For more detailed information on the different modules available in this programme, please visit the module catalogue.
- Modules and timetables for the MA Conference Interpreting and Translation Studies
- Modules and timetables for the MA Conference Interpreting and Translation Studies - Bidirectional
- Modules and timetables for the PGDip Conference Interpreting
- Modules and timetables for the PGDip Conference Interpreting - Bidirectional
Many of our interpreting graduates are working as interpreters either for the EU or the UN. Others have decided to focus on the private interpreting market in different continents, while some have decided to continue their careers in translation.
The interpreting programmes provide students with transferable skills which can be applied in other environments.
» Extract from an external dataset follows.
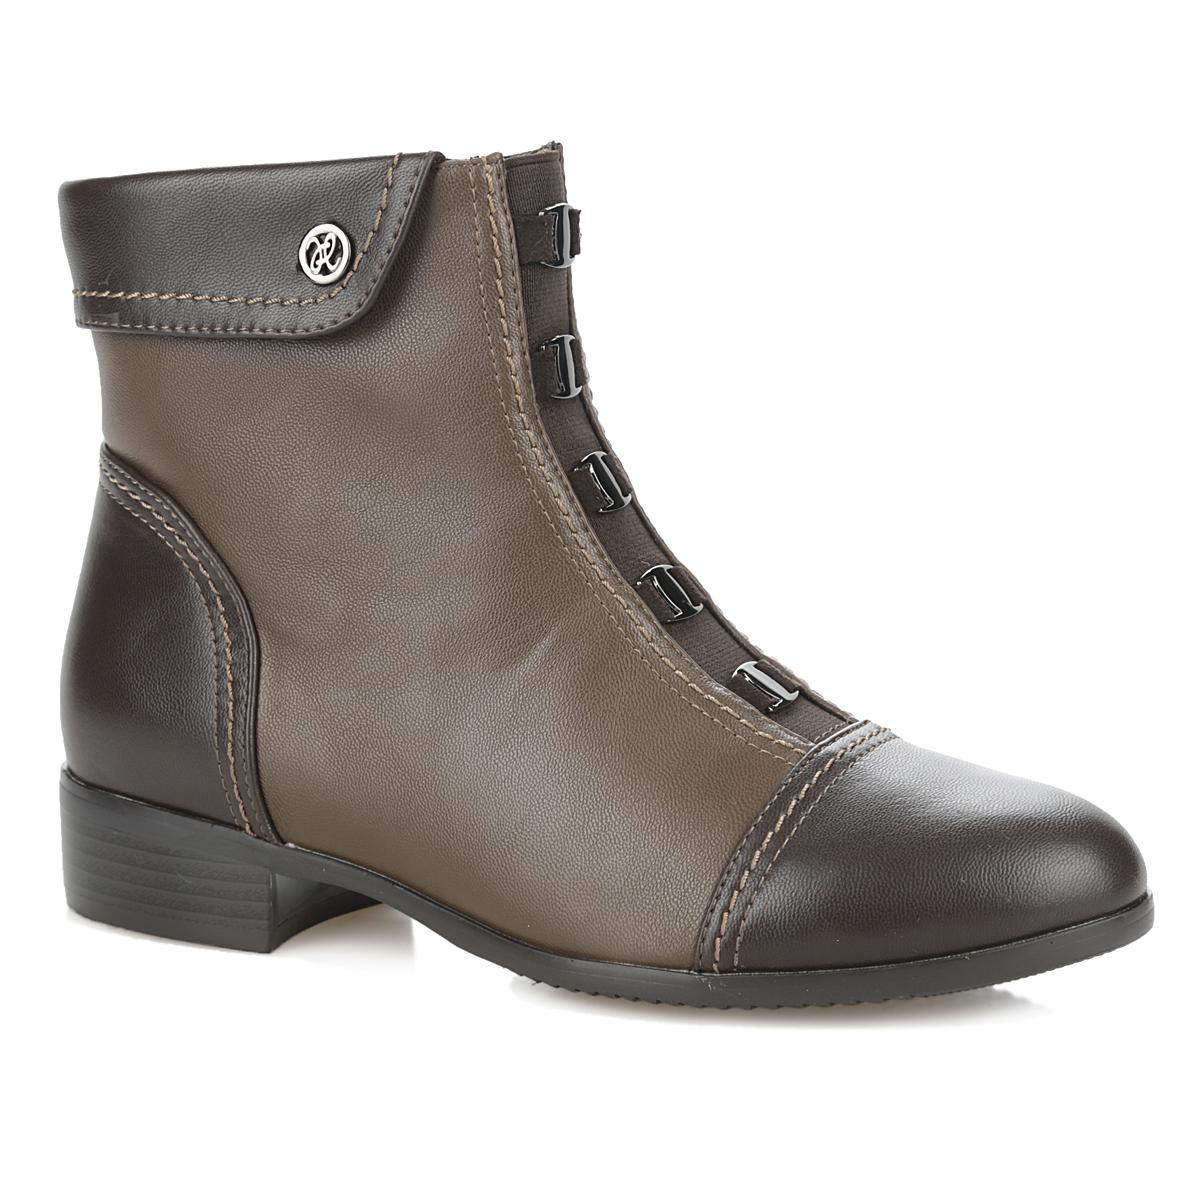 Ботинки женские. 35-76-05D135-76-05D1Оригинальные женские ботинки от Makfly - отличный вариант на каждый день. Модель изготовлена из искусственной кожи. Подкладка и стелька - из мягкой байки, защитят ноги от холода и обеспечат комфорт. Верх голенища дополнен декорированным отворотом. Подъем украшен небольшими декоративными элементами. Мыс изделия и пятка декорированы кожей контрастного цвета. Умеренной высоты каблук устойчив. Подошва из термопластичной резины с рельефным протектором обеспечивает отличное сцепление на любой поверхности. В этих ботинках вашим ногам будет комфортно и уютно. Они подчеркнут ваш стиль и индивидуальность.

Our graduates progress to jobs at leading private companies, government bodies and international political organisations, such as the BBC, the UN, World Bank, WTO, SAP and major translation companies (SDL, thebigword).
For more information how our graduates use their degrees to further their career, please consult the Employability pages of this site.
Why the CTS at Leeds?
The Centre for Translation Studies (CTS) at Leeds has gained a reputation for excellence in consistently anticipating industry trends, in partnership with professional bodies, leading employers and translation tools providers.
We are one of partner Universities developing the ORCIT project (Online Resources for Conference Interpreter Training), an open interactive and multilingual learning resource with materials launched in October 2010 (www.orcit.eu). The online materials are aimed at consolidating conference interpreting techniques, focusing on five main competences necessary for successful training: listening and analysis; mastery of the A language and public speaking; early and advanced consecutive interpreting; early and advanced simultaneous interpreting as well as research skills.
We collaborate with leading European universities, professional bodies and tools providers to stay at the forefront of professional training. eCoLoRe, led by CTS, is the first of several EU-funded projects to design novel resources for training in translation tools and deliver them online for the benefit of all. The eCoLoTrain modules have been adopted for training by the Australian Institute of Interpreters and Translators; MeLLANGE provides training materials on corpora and machine translation; IntelliText offers open interfaces to large corpora, while HyghTra implements a hybrid architecture for quality machine translation, to name but a few of the research projects we have been involved in.